Why did they feel so threatened? It has been said that we all tend to fear something new—especially if we don't understand what the new thing is. The scribes and Pharisees had built a well-organized world based on ancient and cherished rituals, and Jesus seemed to be turning everything upside down. They focused so much on their fear of this new thing that they failed to recognize the healing power of God in their midst. As a consequence, they lost all objectivity.

We all become angry at times. There may even be times when we lose control of our emotions. When we feel anger rising up within us, let's be careful not to give it full rein. Let's also be careful not to bottle it up and let it eat away at us. Rather, let's step back for a moment, examine the situation that has made us angry, and ask the Holy Spirit to help us act only in ways that restore justice and peace. Let's ask him for the courage to stand up against wrongdoing and the compassion to love those who are offending us. Let's become like Jesus, who did know anger but who never sinned.

"Father, free me from any self-righteous attitude that separates me from you. Lord, you are just and merciful. Pierce my heart with your truth so that I can become more like Jesus."


Colossians 1:24--2:3
Psalm 62:6-7, 9

What is upsetting nowadays in Church?  Because it seems that the Lord upset some church people in their today right?  The Holy Scripture says they "became enraged".  Well, truth is, we shouldn't be getting upset, but perhaps more open to the truth.  Because what enraged them was their blindness.  They failed to see God's goodness.  This then good be the cause of rage.  All these persecutions are then blindness.  That's why our Lord prays from the cross "Lord, forgive them, for they know not what they do".  Because what if the Lord did something amazing in your life and you failed to see it?  Would it have been His fault?  Nowadays that's what people are doing, blaming others for their blindness...their pride.

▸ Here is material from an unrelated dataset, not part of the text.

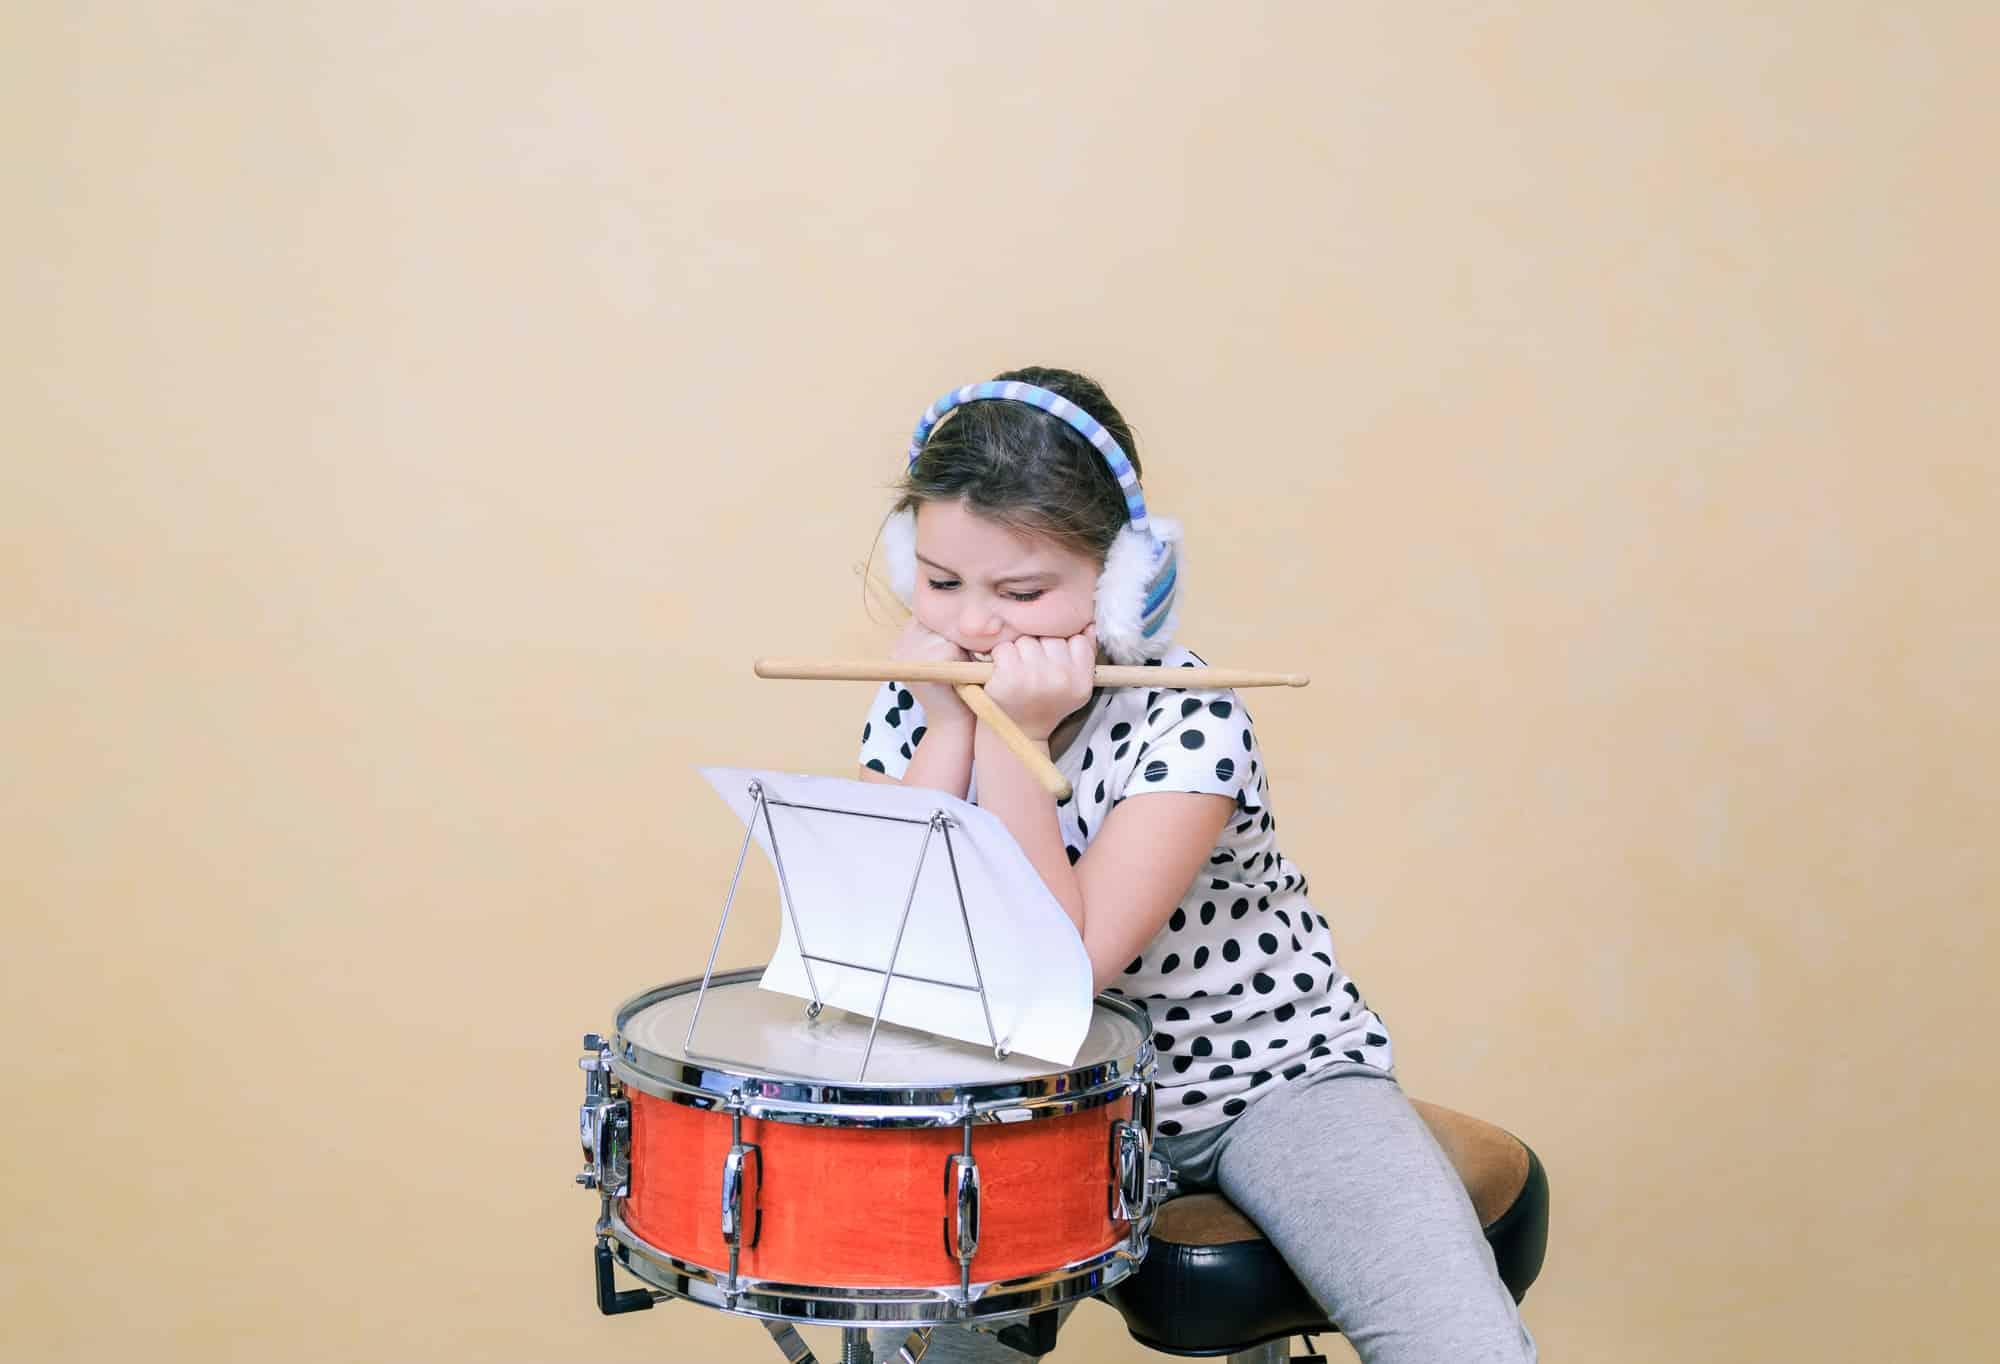 Schlagzeug lernen: Das 1x1 für die ersten Schritte

The Psalms pray "In God is my safety and my glory" and "Trust in him at all times, O my people! Pour out your hearts before him;" Do not think Jesus knew He would be in "trouble" for doing good?  How many times do we shy away from doing good because we might get in trouble?  But God knows He is our safety and glory and we ae to TRUST in Him at ALL times so POUR out your heart!  What does pouring out your heart mean?  It means opening up your heart and start loving, and then you will begin to see the amazing things God is doing.

This is the case of St. Paul in today's 1st Holy Scripture,  most probably written from his jail cell.  He writes with His heart, encouraging the love of one another and especially that of Jesus Christ.  Was Paul seeing the glory of God?  It's hard to see what you are doing sometimes, but he was giving Glory to God.  This is our turn.  What do You do besides talk about God?